Problem statement: Restate the data word for word and leave the images out.

Supplied data:
--
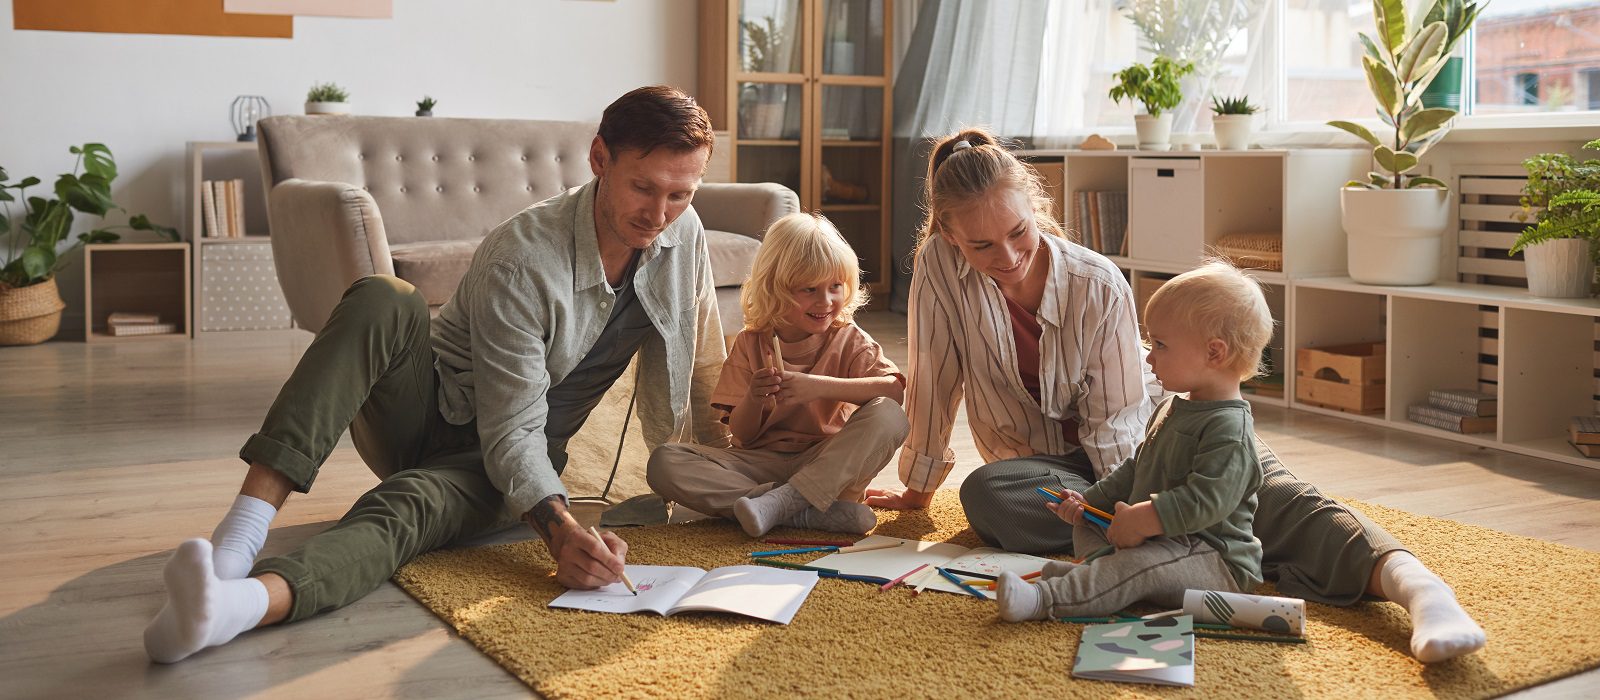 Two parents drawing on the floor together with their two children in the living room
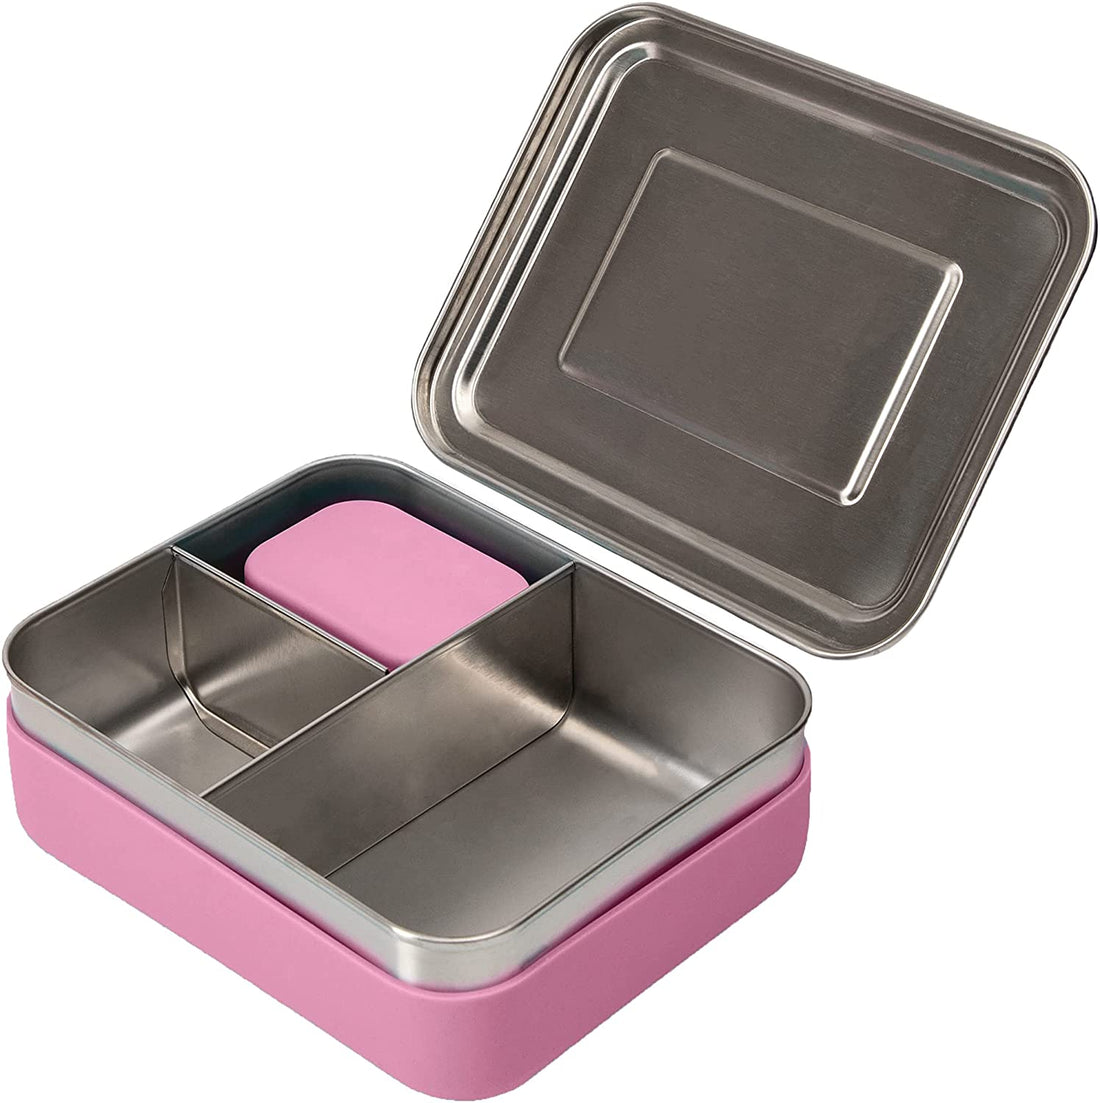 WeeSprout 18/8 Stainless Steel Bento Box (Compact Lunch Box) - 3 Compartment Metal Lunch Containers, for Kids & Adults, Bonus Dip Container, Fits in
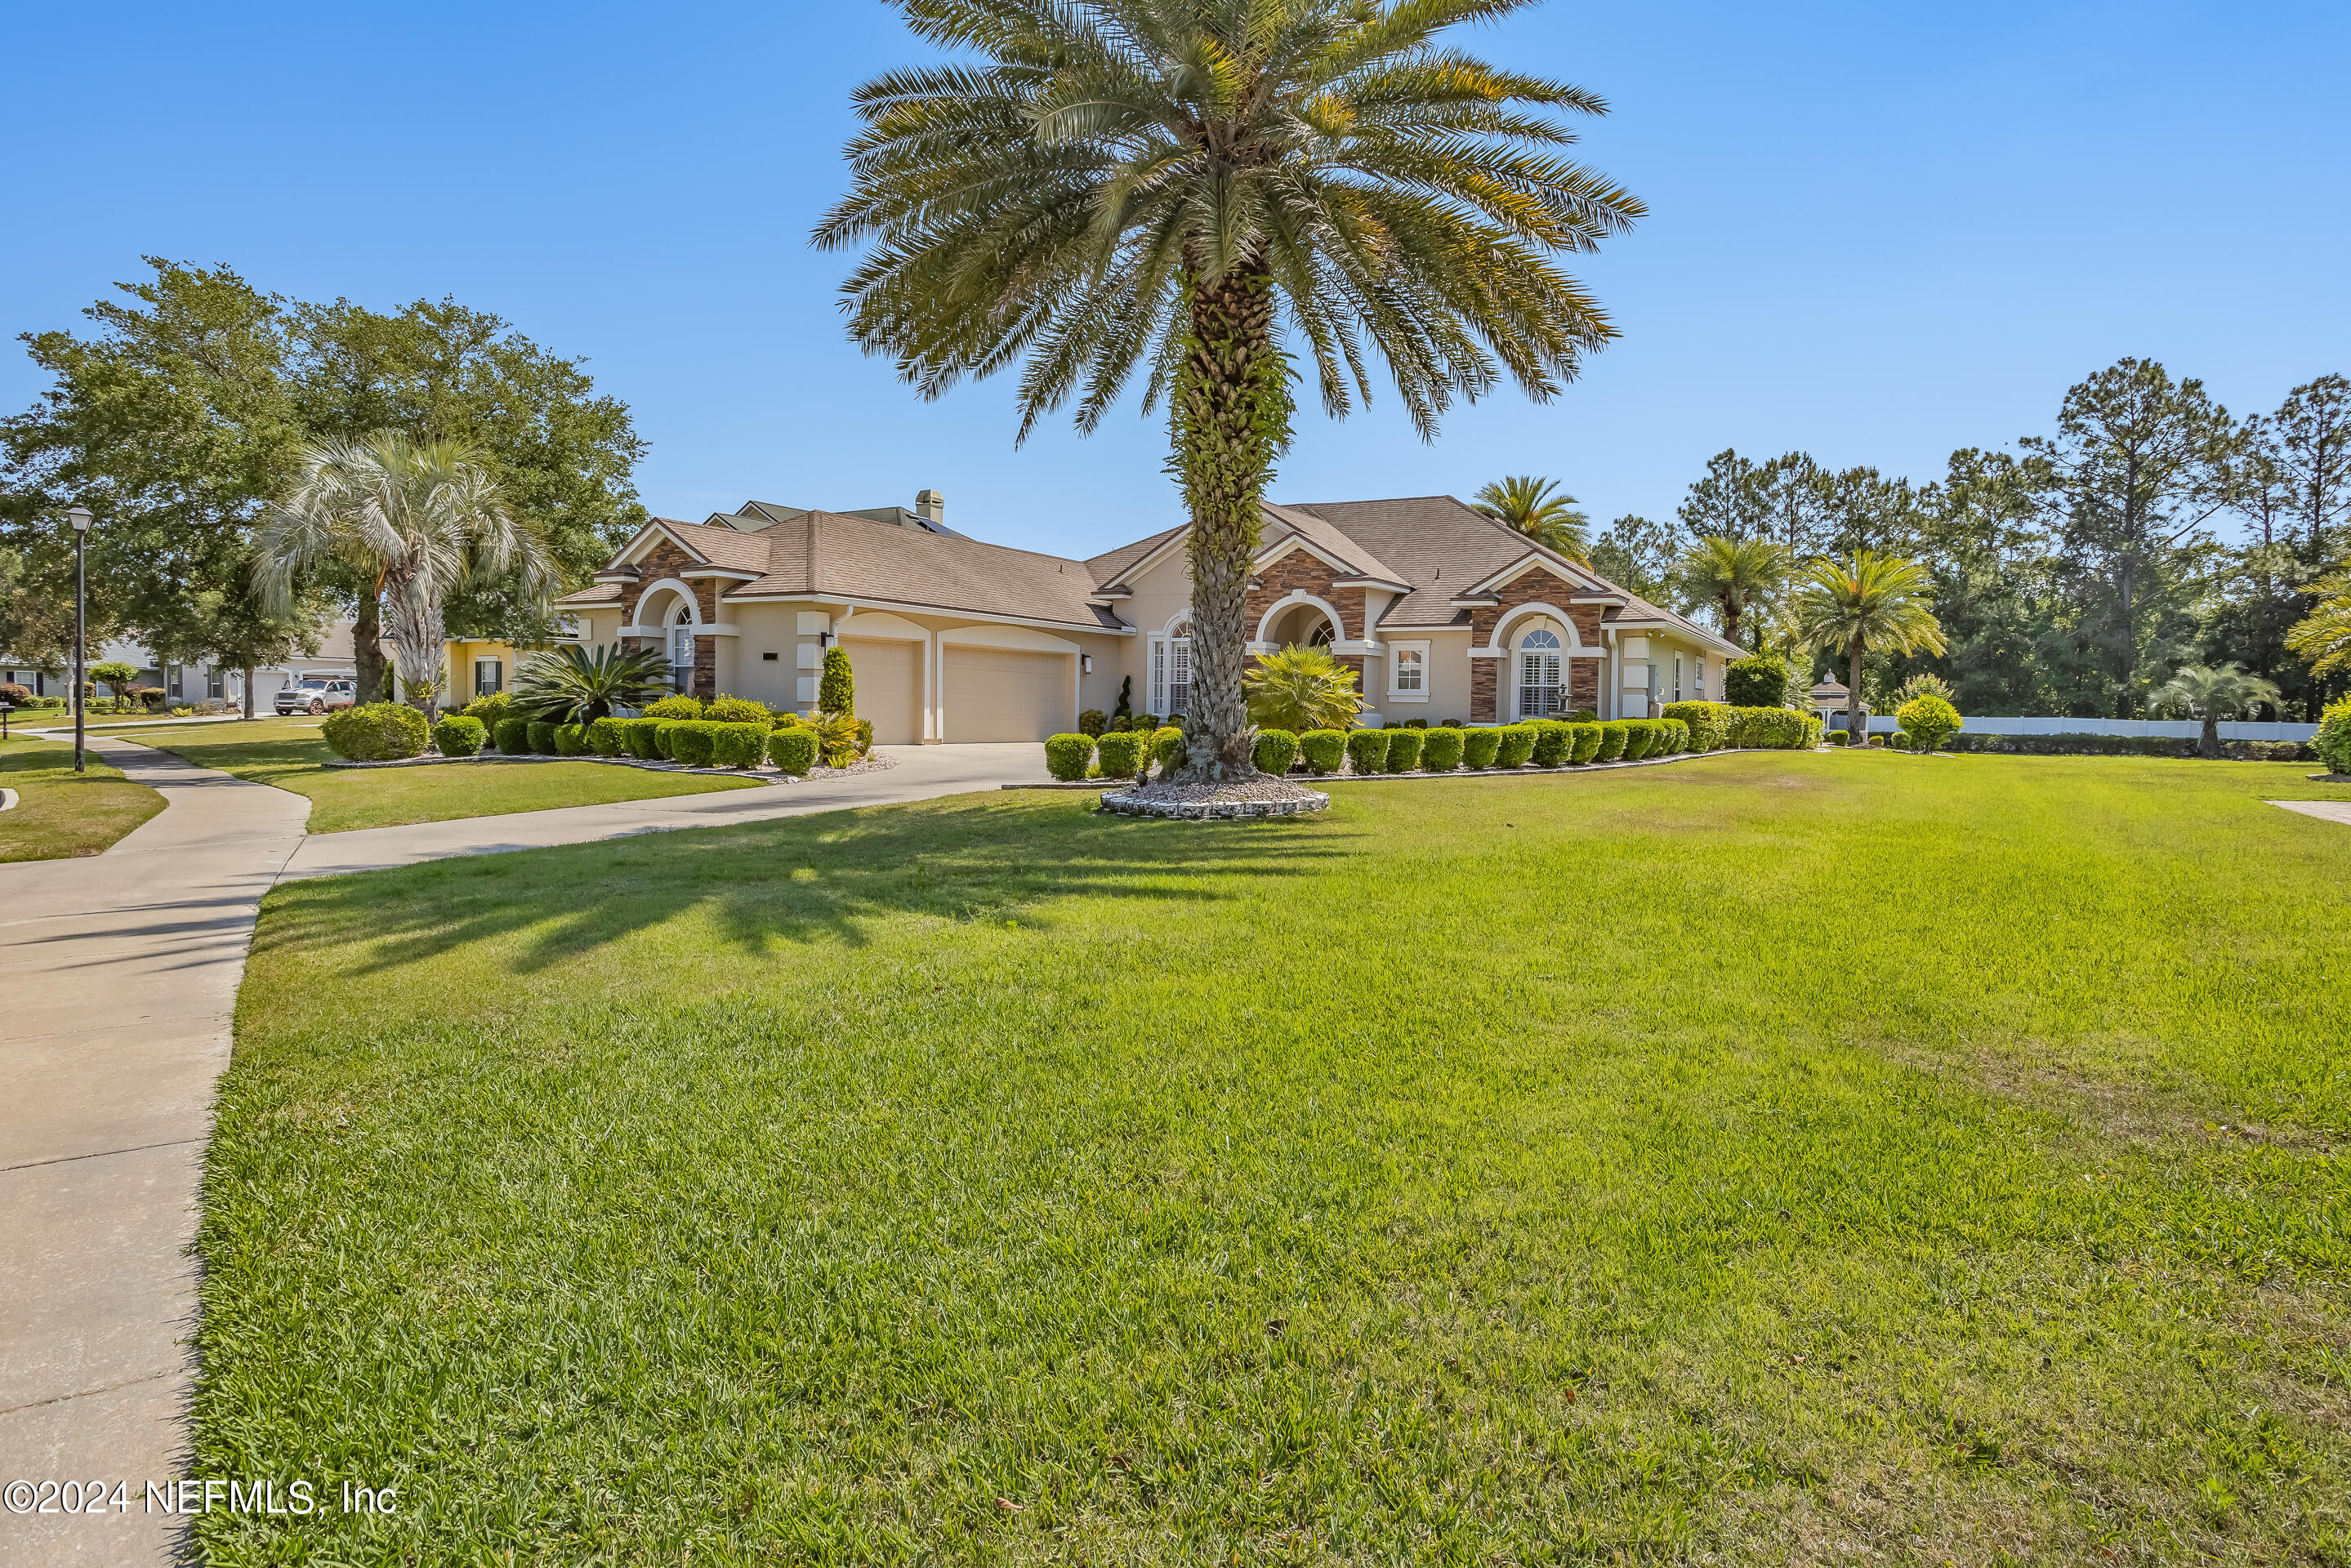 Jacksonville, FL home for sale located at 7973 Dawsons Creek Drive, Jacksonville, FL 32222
--
Task result:
 Two parents drawing on the floor together with their two children in the living room
 WeeSprout 18/8 Stainless Steel Bento Box (Compact Lunch Box) - 3 Compartment Metal Lunch Containers, for Kids & Adults, Bonus Dip Container, Fits in
 Jacksonville, FL home for sale located at 7973 Dawsons Creek Drive, Jacksonville, FL 32222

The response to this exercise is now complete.